3. FailoverController mainly consists of three components

(1) HealthMonitor monitors whether NameNode is in unavailable or unhealthy state. This is currently done by calling the corresponding method of NN through RPC.

(2) ActiveStandbyElector manages and monitors its status in ZK.

(3) ZKFailoverController it subscribes to HealthMonitor and ActiveStandbyElector events and manages the state of NameNode.

The design of QJM

Namenode records metadata such as directory files of HDFS. Every time the client adds, deletes or modifies files, Namenode records a log called editlog, and the metadata is stored in fsimage. In order to keep the state of Stadnby consistent with that of active, standby needs to obtain each editlog log in real time as much as possible and apply it to FsImage. At this time, a shared storage is needed, and the editlog,standby can get the log in real time. There are two key points to ensure that shared storage is highly available and it is necessary to prevent data corruption caused by two NameNode writing data to shared storage at the same time.
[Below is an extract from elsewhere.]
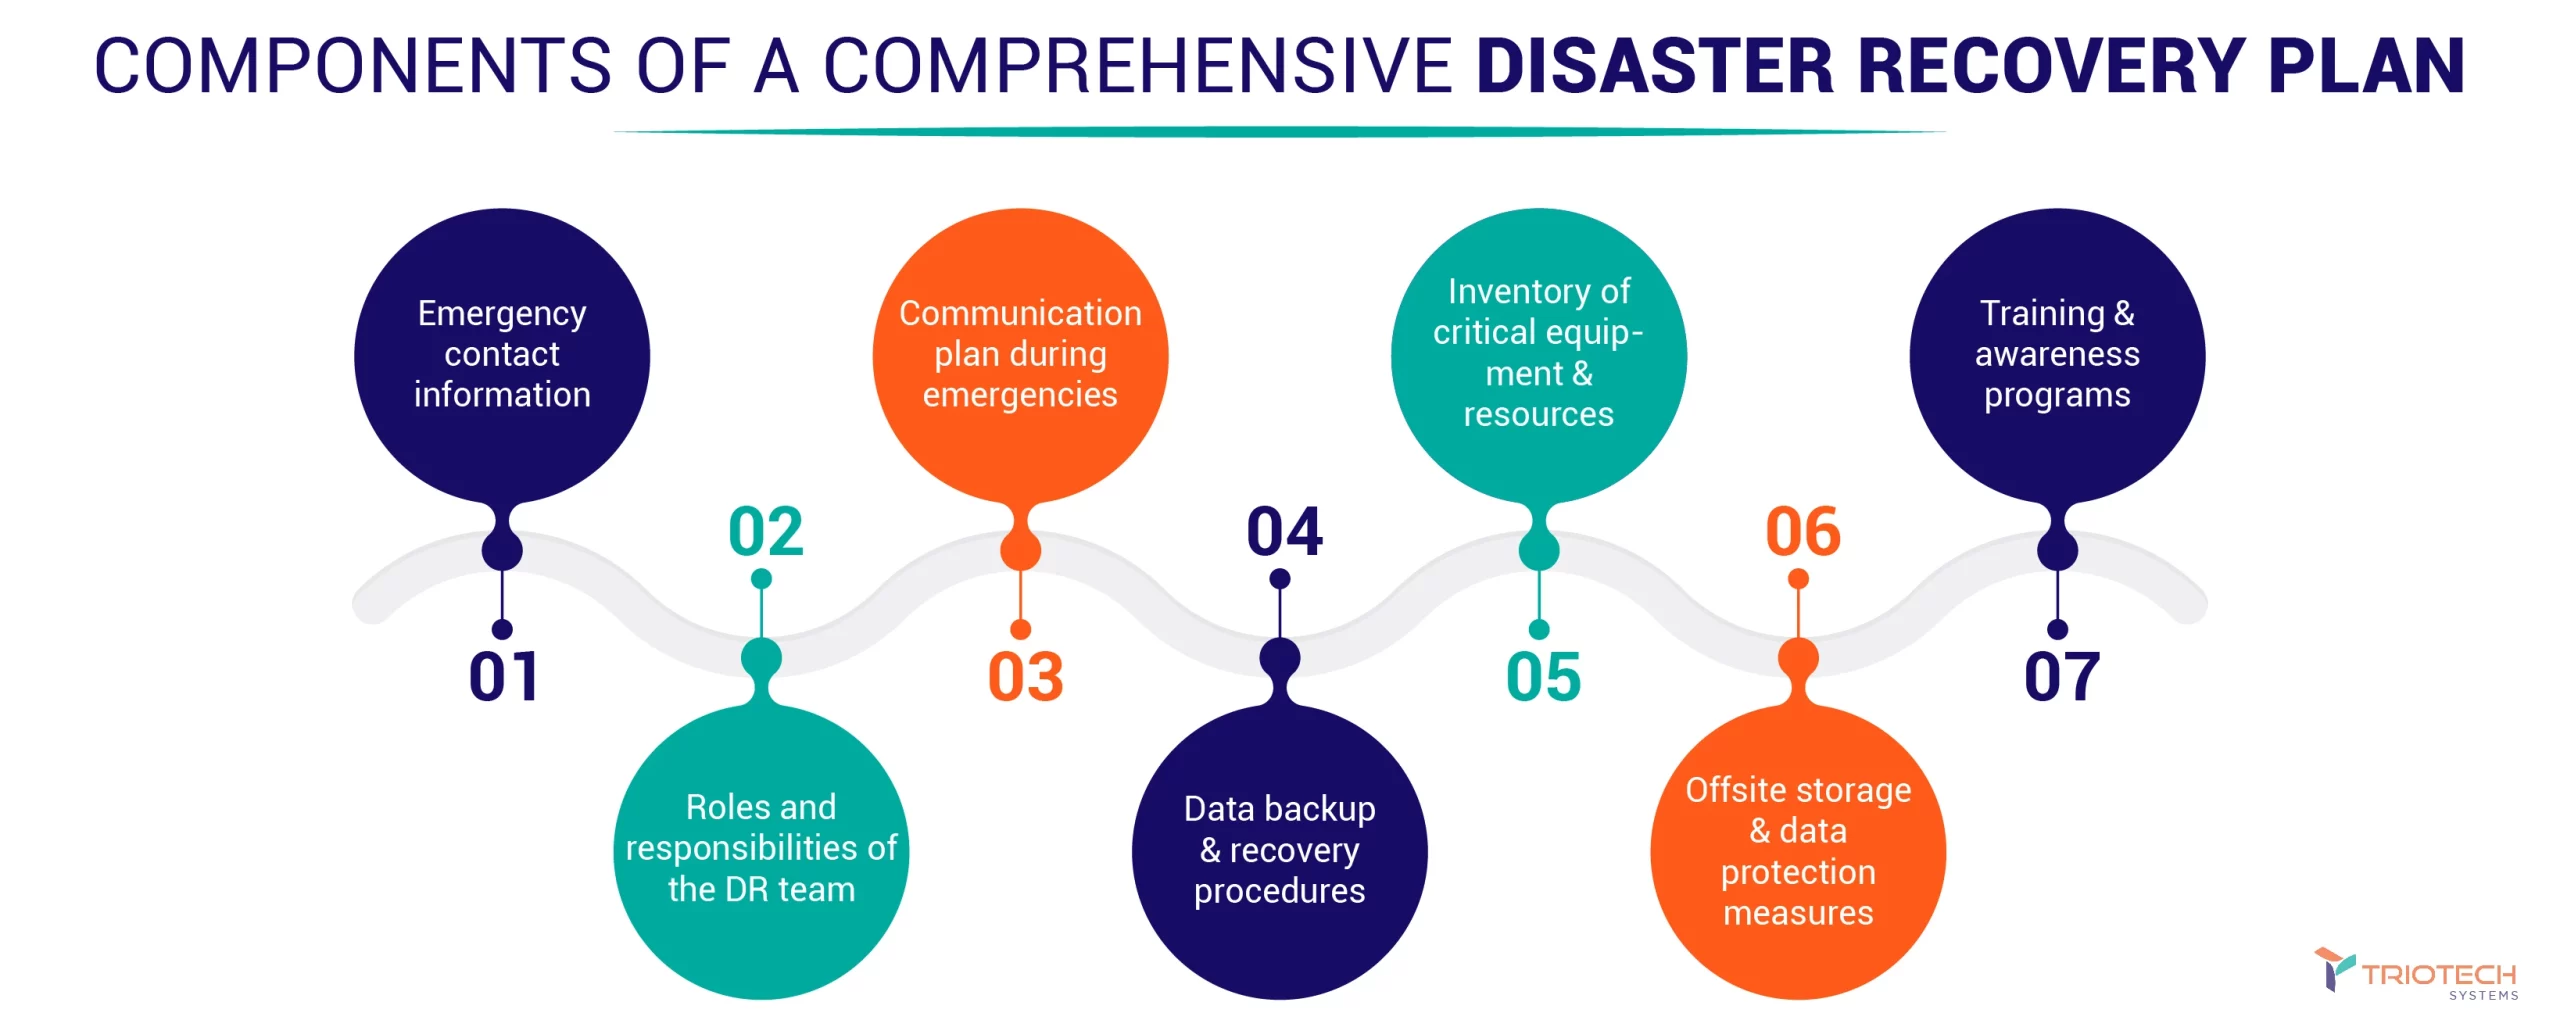 Components Of A Comprehensive Disaster Recovery Plan
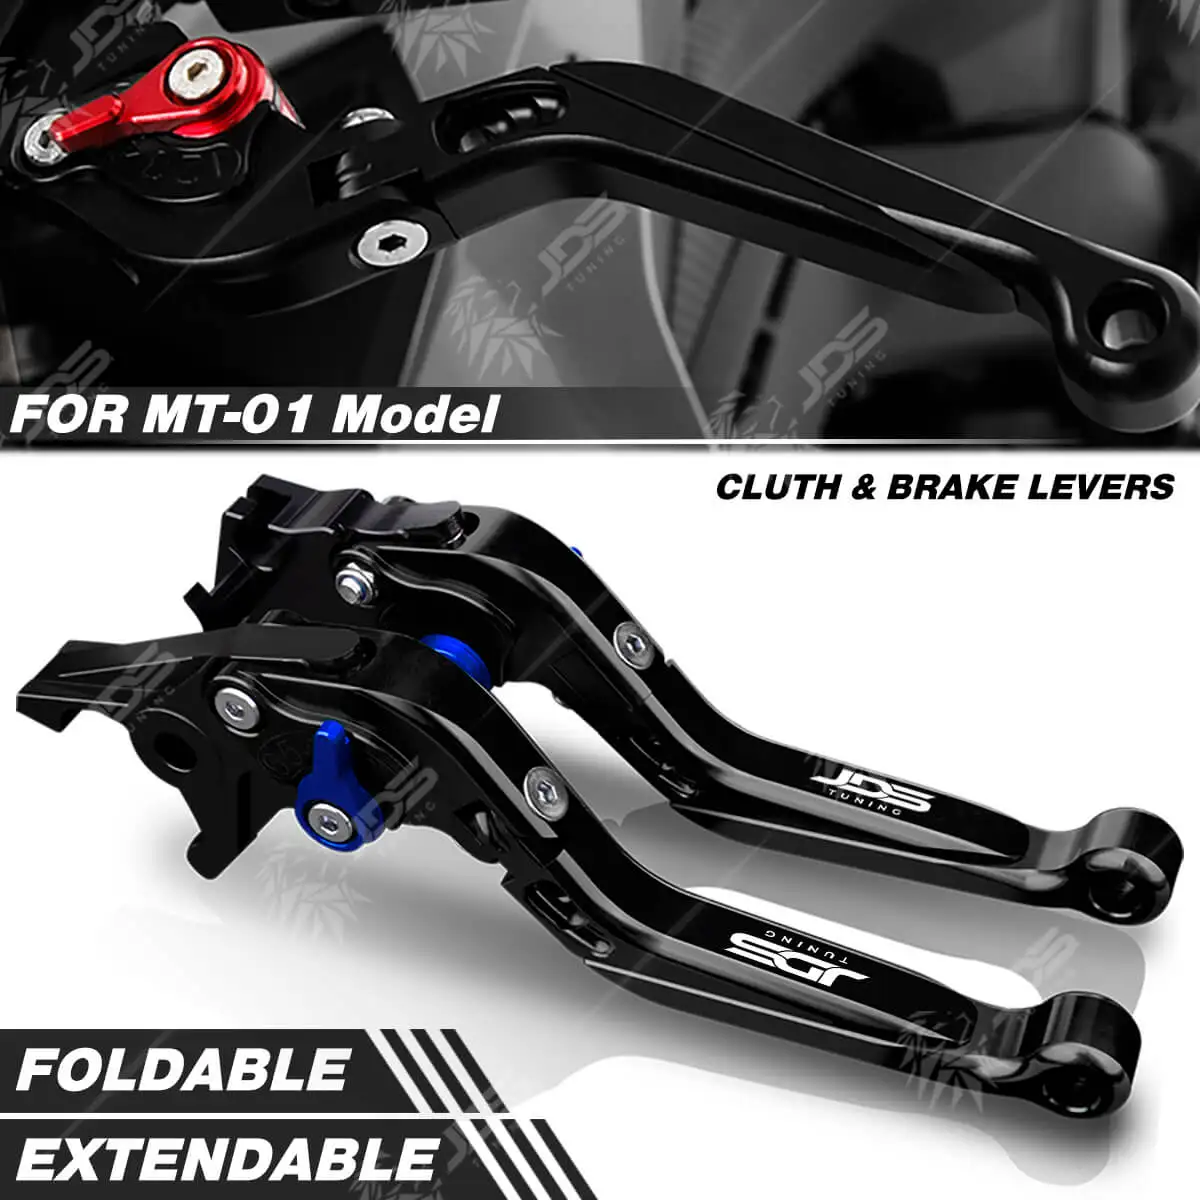 

For Yamaha MT01 MT 01 2005-2012 Clutch Lever Brake Lever Set Foldable Adjustable Handle Levers Motorcycle Accessories Parts

What is it, Qurom Journal Manager, based on Paxos (message passing-based consistency algorithm). This algorithm is difficult to understand, to put it simply, the Paxos algorithm is to solve how to agree on a certain value in a distributed environment. (a typical scenario is that in a distributed database system, if the initial state of each node is the same and each node performs the same sequence of operations, then they can finally get a consistent state. To ensure that each node executes the same sequence of commands, a "consistency algorithm" needs to be performed on each instruction to ensure that the instructions seen by each node are consistent)

Figure 3 QJM architecture

How to realize

(1) after initialization, Active writes the editlog log to JN on 2N+1, and each editlog has a number. Each time editlog is written, it will be recognized as successful as long as most of the JN returns success (that is, greater than or equal to JN 1).

(2) Standby periodically reads a batch of editlog from JN and applies it to FsImage in memory.

(3) how to fencing: every time NameNode writes Editlog, it needs to pass a number Epoch to JN,JN to compare with Epoch. If it is larger or the same than the Epoch saved by yourself, you can write, and JN updates its Epoch to the latest, otherwise it refuses the operation. During the switch, when Standby is converted to Active, the Epoch+1 is converted, which prevents the previous NameNode from failing even if it writes logs to JN.

(4) write a log:

(a) NN writes Editlog asynchronously to N JN via RPC. If one is successful, the write is successful.

(B) the JN that fails to write will not be written again until the scrolling log operation is called. If the JN returns to normal at this time, log will continue to be written to it.

(C) each editlog has a number txid,NN to write the log to ensure that the txid is continuous. When receiving the write log, JN will check whether the txid is continuous with the last time, otherwise the write fails.

(5) read the log:

(a) iterate through all the JN periodically to get the undigested editlog, sorted by txid.

(B) digest editlog according to txid.

(6) Log recovery mechanism when switching

(a) triggered when master-slave switching occurs

(B) to prepare for prepareRecovery, standby sends a RPC request to JN, obtains txid information, and selects the best JN.

(d) Finalized log. That is, when the current editlog output stream is closed or when the log is scrolled.

(e) Standby synchronizes editlog to the latest

7) how to choose the best JN

(a) those with Finalized do not need in-progress

(B) the need for multiple Finalized to determine whether the txid is equal

(d) if Epoch is the same, choose the one with large txid.

Is it helpful for you to read the above content? If you want to know more about the relevant knowledge or read more related articles, please follow the industry information channel, thank you for your support.

Welcome to subscribe "Shulou Technology Information " to get latest news, interesting things and hot topics in the IT industry, and controls the hottest and latest Internet news, technology news and IT industry trends.

*The comments in the above article only represent the author's personal views and do not represent the views and positions of this website. If you have more insights, please feel free to contribute and share.